Scott: So there isn't one tool that will connect
all the different pieces. Now Xero and QuickBooks online and A2X
for an Amazon-only business gets you a long way along the method
because if you're all FBA A2X will get you most of the way there.
But for anything else, there's no secret process. So someone's
like, oh, I'll just use what Logility and use their reports, they
connect everything. I just did a deep dive review of them again and
we couldn't figure out how they were posting the data and then we
couldn't rec because we were evaluating we were trying to implement
it. So you have to have a consistent set of processes to know
you're doing your accounting on a daily, weekly, monthly basis. We
do cost of goods sold monthly. So it's an hour or two per client
per month because we have a standardized process that we follow
through that shakes out vendor deposits and the other details. So
the first process is what are you doing, what are you trying to
accomplish, and just break that down, whether you're doing it
yourself. Look at resources. We have some online courses. We have a
bunch of YouTube videos to make sure we educate people. But then we
still have a manual process for Walmart and eBay and Etsy and House
and Wayfair and all these other channels where we download the data
monthly, pivot it to post the income, and reconcile it. But we use
the exact same data to apply a cost to post COGS. So it's a matter
of that. Now, there are consultants out there that will help you
set up the cloud inventory tool which we don't do, or you can work
with the vendors to implement it and then you either have to manage
it yourself or hire someone like Catching Clouds or another
e-commerce accountant that understands the technology, the
e-commerce space, and accounting.
Mark: I think
this is why it's so tough for so many people. Because as an
entrepreneur, I have an idea, I've invented a product or I’ve
identified a niche I want to go after and I'm good at that but now
you're asking me to understand my financial reports. And then on
top of that, you're asking me not to just understand my financial
reports, but to understand the technological ecosystem around these
financial reports to make them all work without hiring somebody
who's going to cost me $10,000, $20,000, $30,000 a month just to be
able to do this and suck up any profits that I do if I do have.
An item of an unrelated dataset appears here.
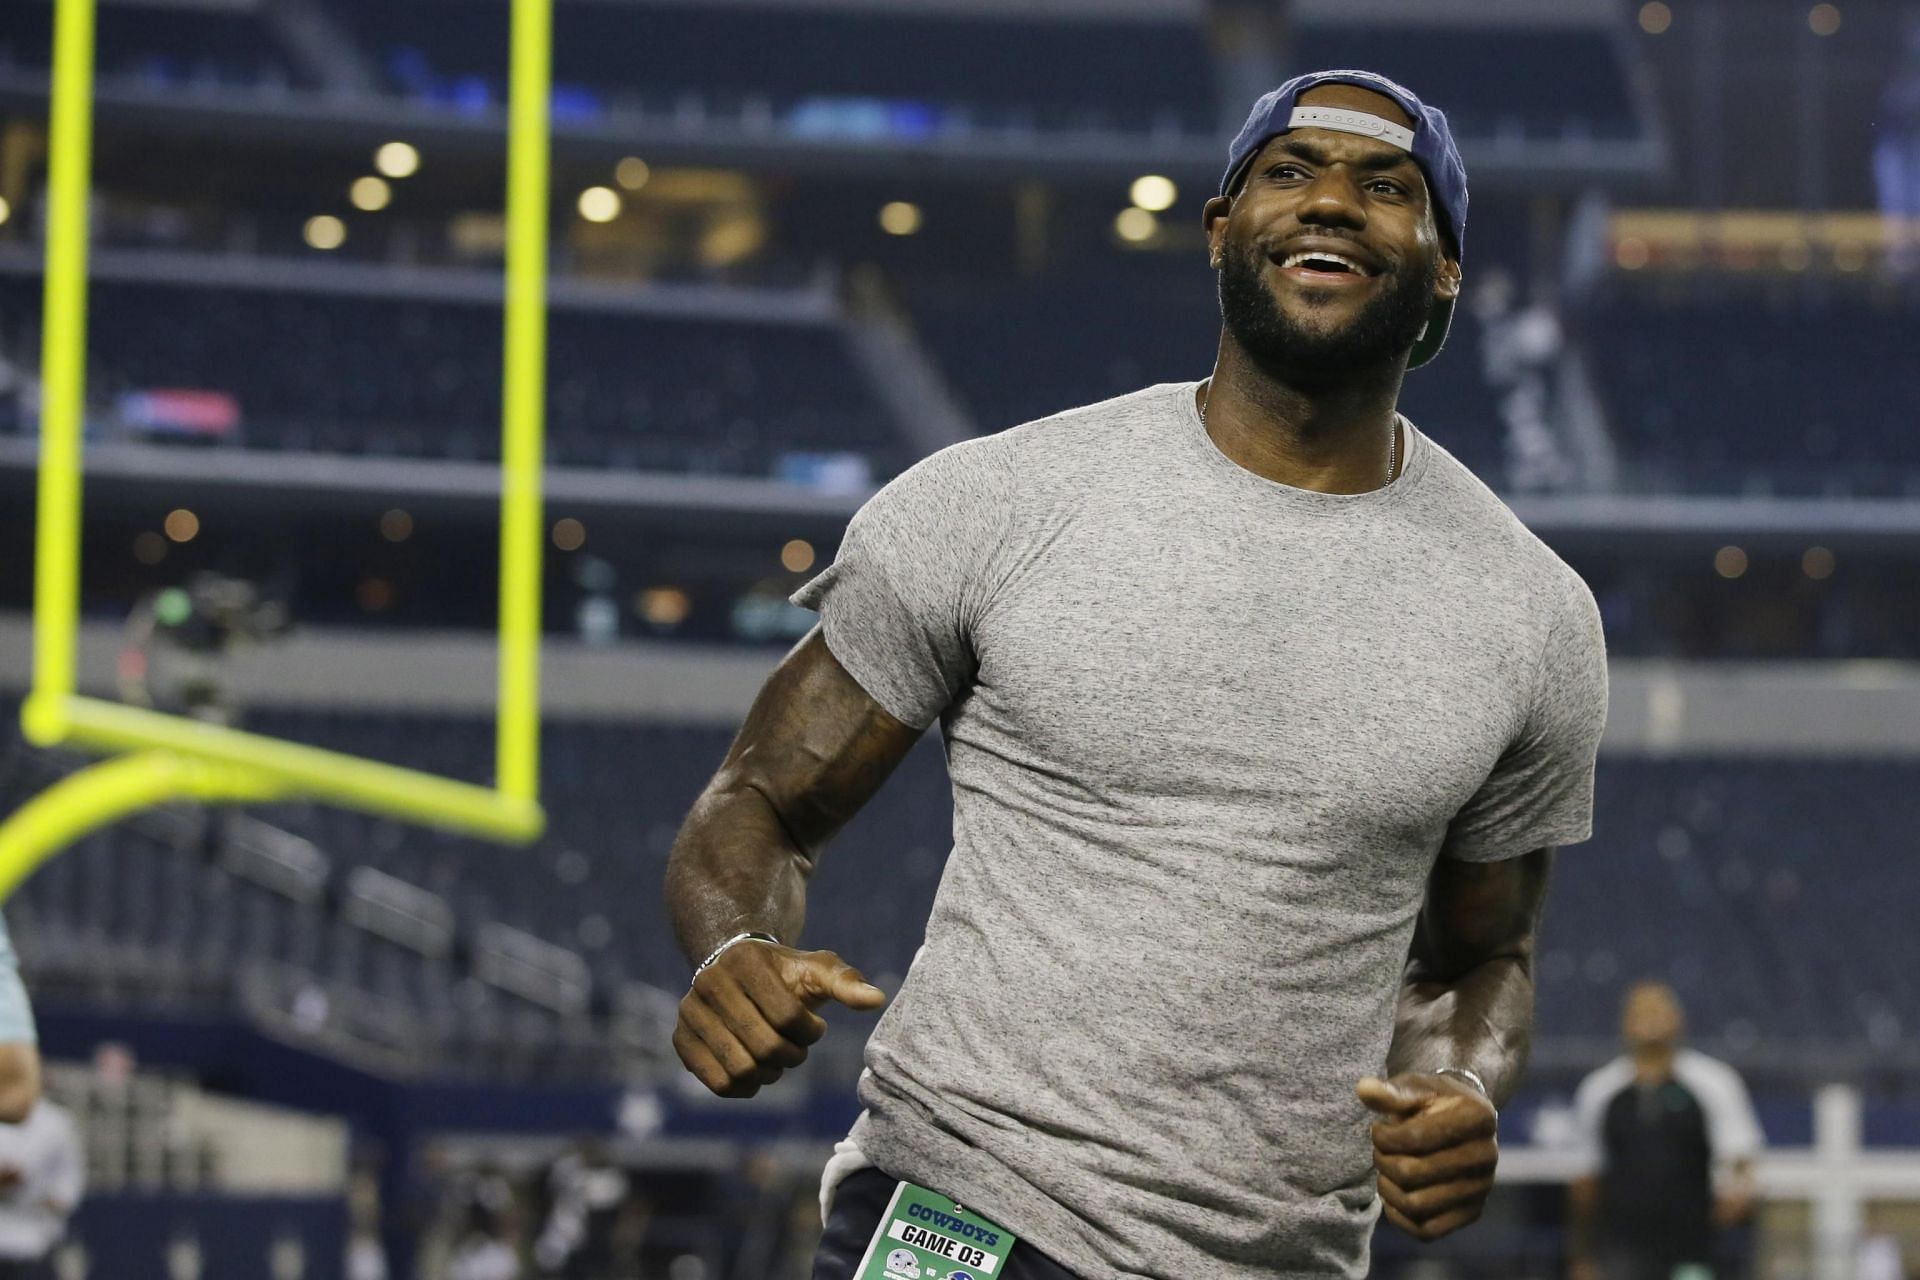 LeBron James mentioned that he got an offer from Jerry Jones, the Dallas Cowboys owner, to play wide receiver for America&#039;s team [Photo: Bleacher Report]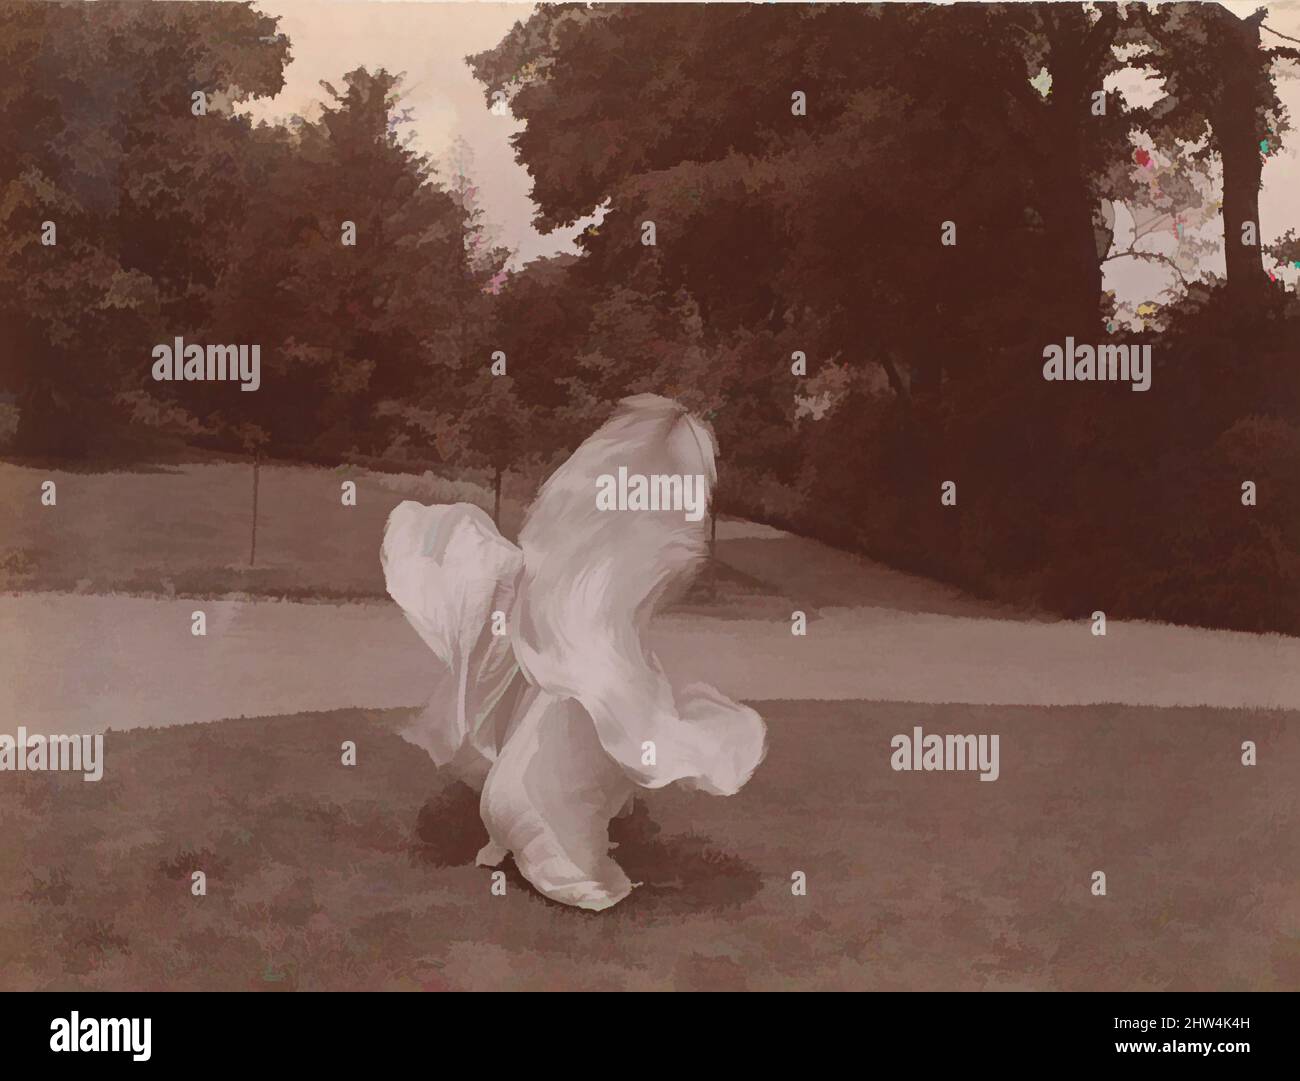 Art inspired by Loie Fuller Dancing, ca. 1900, Gelatin silver print, 7.7 x 10.2 cm (3 1/16 x 4 in.), Photographs, Samuel Joshua Beckett (British, Shadwell, Stepney London 1870–1940 Bournemouth), The American dancer Loie Fuller (1862-1928) conquered Paris on her opening night at the, Classic works modernized by Artotop with a splash of modernity. Shapes, color and value, eye-catching visual impact on art. Emotions through freedom of artworks in a contemporary way. A timeless message pursuing a wildly creative new direction. Artists turning to the digital medium and creating the Artotop NFT Stock Photo

That’s why it is so difficult for people. The whole ecosystem is
complex and difficult to understand. But I do know once you do get
it set up, it is just a few hours a month. So you put in the effort
of what am I selling, what are my processes, and then how can I get
this into the system the right way? Once you get that setup, then
maintaining it isn't as difficult as the initial setup. Is that
fair?
Scott: That is correct. Once you get those
processes in place and you've got a defined process, you're just
not assuming you can set automation and set and forget it, you're
there. And then I would put the same due diligence that everybody
puts into outsourcing; I mean, e-commerce sellers, the big things
they outsource, except for the few that decide to buy a warehouse
and want to invest in property and that's important to them being
an entrepreneur and that's part of the journey. But that's, in my
opinion, a very small percentage of the sellers, everybody else is
working with 3PL warehouses or FDA or Walmart fulfillment service,
Shopify fulfillment network. The same due diligence that anybody
puts into that and understanding their supply chain or their
vendors or who they're purchasing from, you just need to decide the
financials are a priority for that order and then go through the
same due diligence where you know nothing as an entrepreneur about
whatever and then you start. But it is absolutely possible to put
these systems in place or outsource the work like most sellers
outsource and one thing I recommend every seller do is outsource
sales tax. Don't try to use a tool like TaxJar or Taxify or
Avalara. Just hire assault consultant or have someone like Catching
Clouds, which we do it only with our accounting services because
it's so complex. We're filing over 5,000 returns a year and even if
you do everything right, the states generate notices and you have
to deal with all of that. And the same thing applies to outsourcing
your 3PL and your fulfillment. And then I would recommend
outsourcing your accounting and finance because unless you're 30,
40, 50 million, it's really expensive to hire a bunch of
accountants and manage them and train them and make sure they stay
on top of the technology and all that other stuff.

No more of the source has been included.